John Lacy nodded, lips pressed tight together.

“Was she as interested in Carmichael as your sister hinted she was?”

“I suspect so.” He pulled a face. “I know Carmichael did not return the sentiment but Myra was definitely trying to catch his eye any way she could. I believe he wasn’t involved in her death but still, he never managed to dissuade her to look elsewhere for a husband.”

Gilbert did not like where this conversation was headed. Carmichael already blamed himself. “Carmichael may not have noticed her particular interest to pay it much thought. He grieves for Miss Angela Berry.”

John Lacy’s eyes widened with shock. “Is Miss Berry dead?”

“I am afraid so. Murdered, too. Carmichael was on the verge of announcing their marriage when she slipped away from a ball,” he shared. “He found her, already gone. We feel almost certain the deaths must be connected in some way.”

“So that’s why Myra couldn’t have him,” Mr. Lacy said in a hushed tone as he rocked back on his heels.

“I beg your pardon?”

John Lacy frowned. “When we first came up to London, nearly two months ago now, someone suggested to my sister that a titled husband was beyond her reach, especially him.”

“Who said that?”

“She never did tell me, but it was someone who must have known the ton well to give advice so freely. Myra was infuriated by the advice and became quite determined to prove them wrong. She declared to anyone who would listen that her heart was fixed on bringing Lord Carmichael up to scratch. She planned to make him fall in love with her as soon as possible.”

“I would have done the same thing if someone tried to deny me my heart’s desire,” Davis mused out loud.

John Lacy nodded, his eyes widening once more. “Do you think the killer disapproved of Angela Berry, too, and killed her to stop her marrying Carmichael?”

Gilbert nodded slowly as he considered the question. Every new bit of information led his enquiry straight back to Carmichael. “Yes.”

“Dear God, my sister must have known her killer. He must, too.” John Lacy sank into a chair as if he had no more strength.

Davis drew Gilbert aside to whisper, “I know he is your friend and innocent of the crimes, but we must look into Lord Carmichael’s affairs again.”

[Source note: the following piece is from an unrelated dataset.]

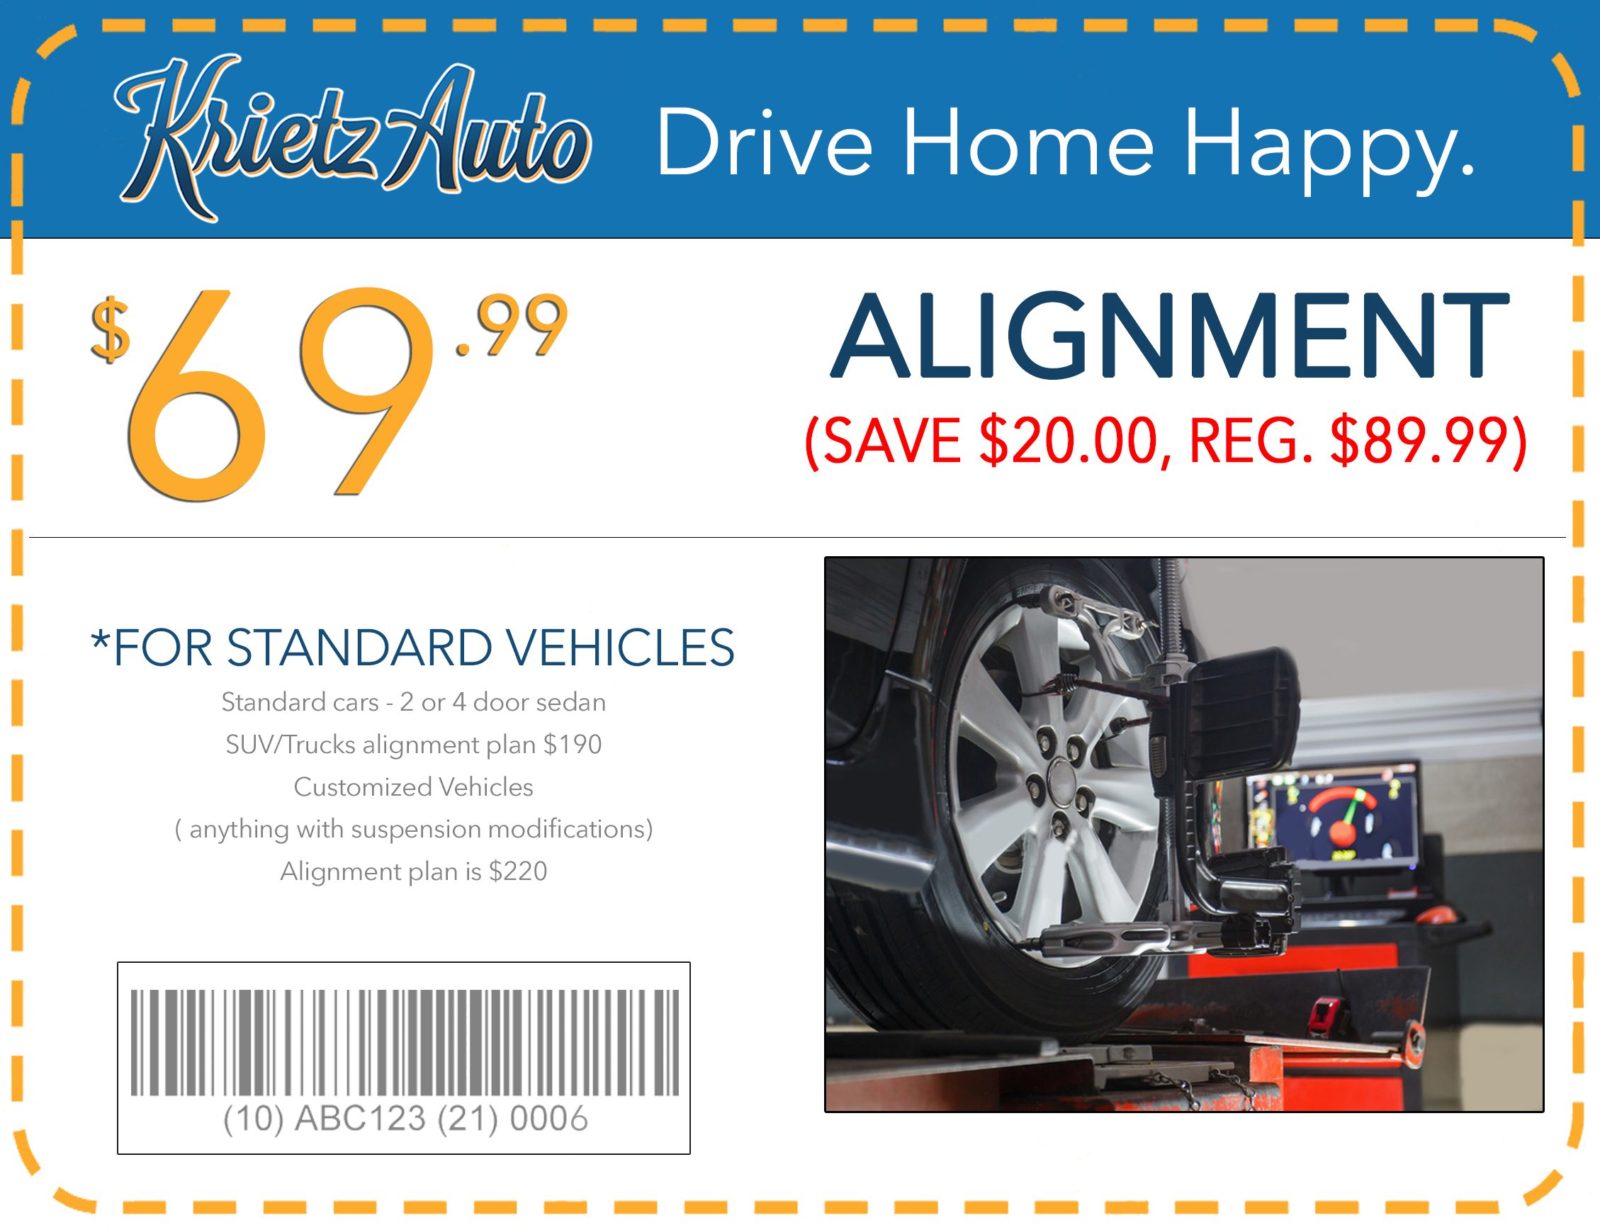 Vehicle Alignments In Frederick Maryland Krietz Auto
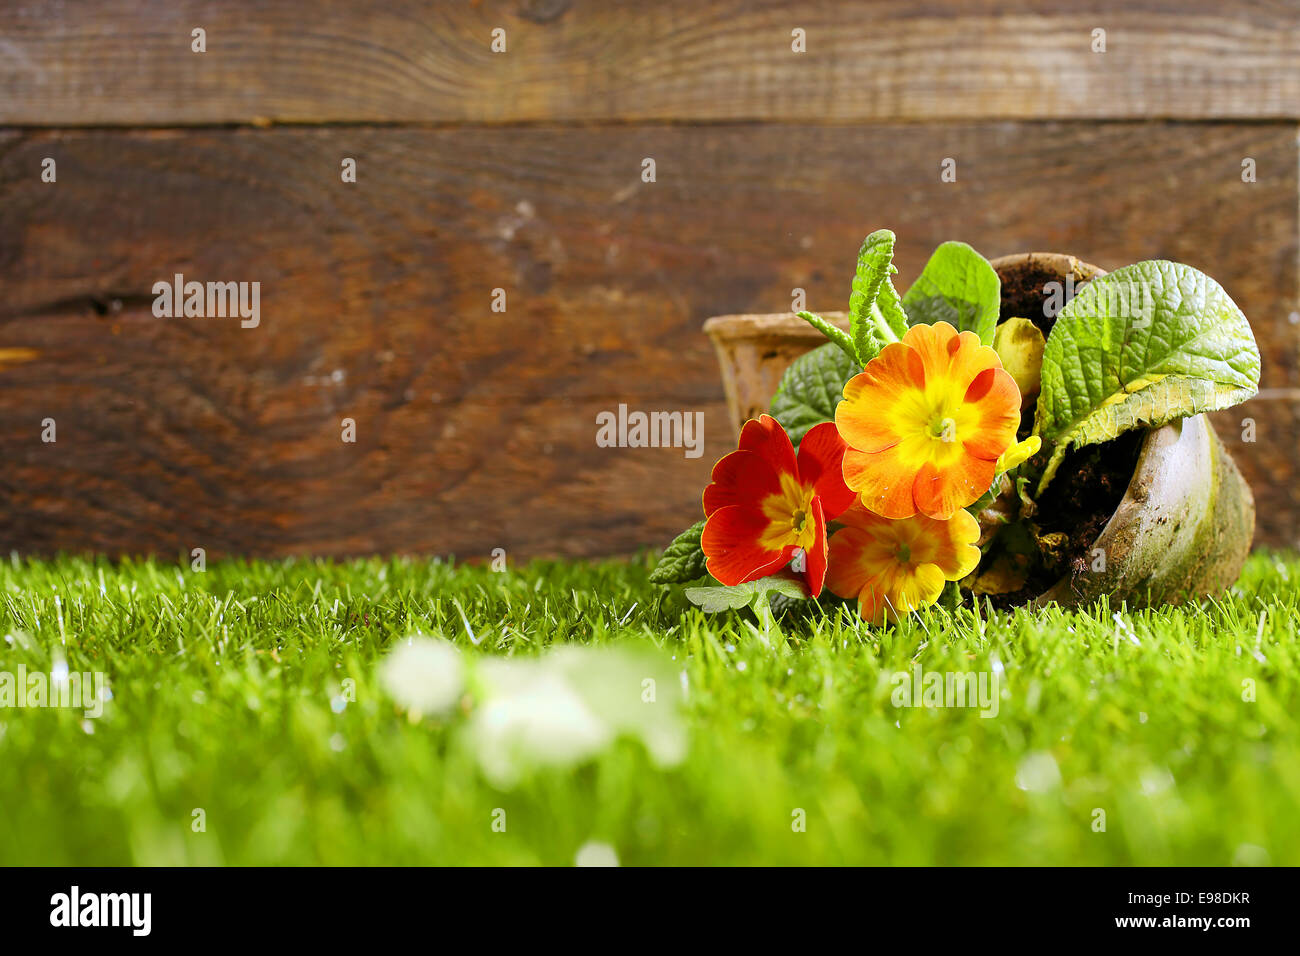 Upended flower pot with colourful orange flowers lying on its side on a neatly trimmed green lawn against a wooden wall Stock Photo

Gilbert glanced quickly over his shoulder. “Carmichael wouldn’t have willingly colluded with a killer. He is too softhearted to wish anyone ill. The killer might hold a grudge against him or might even be in love with him.”

“Agreed, my lord,” Davis promised.

Gilbert pondered the two possibilities with concern. Whoever it was, they had stopped Carmichael from making a match with Angela Berry, someone they must have perceived as unsuitable. “We must keep this conversation between us. I don’t want him knowing anything about this yet.”

Davis pursed his lips. “Very well, my lord. I’ll keep quiet. For now.”

He found a new page in his book to write upon and returned to John Lacy. “Tell me the name of every person you recall your sister speaking to in the last two weeks. Everyone.”

“That’s a lot of names,” Mr. Lacy warned.

“Don’t leave anyone out. Everyone she might have contact with is a suspect. I am at your complete disposal for as much time as you can spare,” Gilbert promised. He needed to know precisely when Myra Lacy and Carmichael had met, and where also.

And then, despite the awkwardness he would feel, Gilbert would put his best friend’s affairs under a microscope…and hope he never learned of it.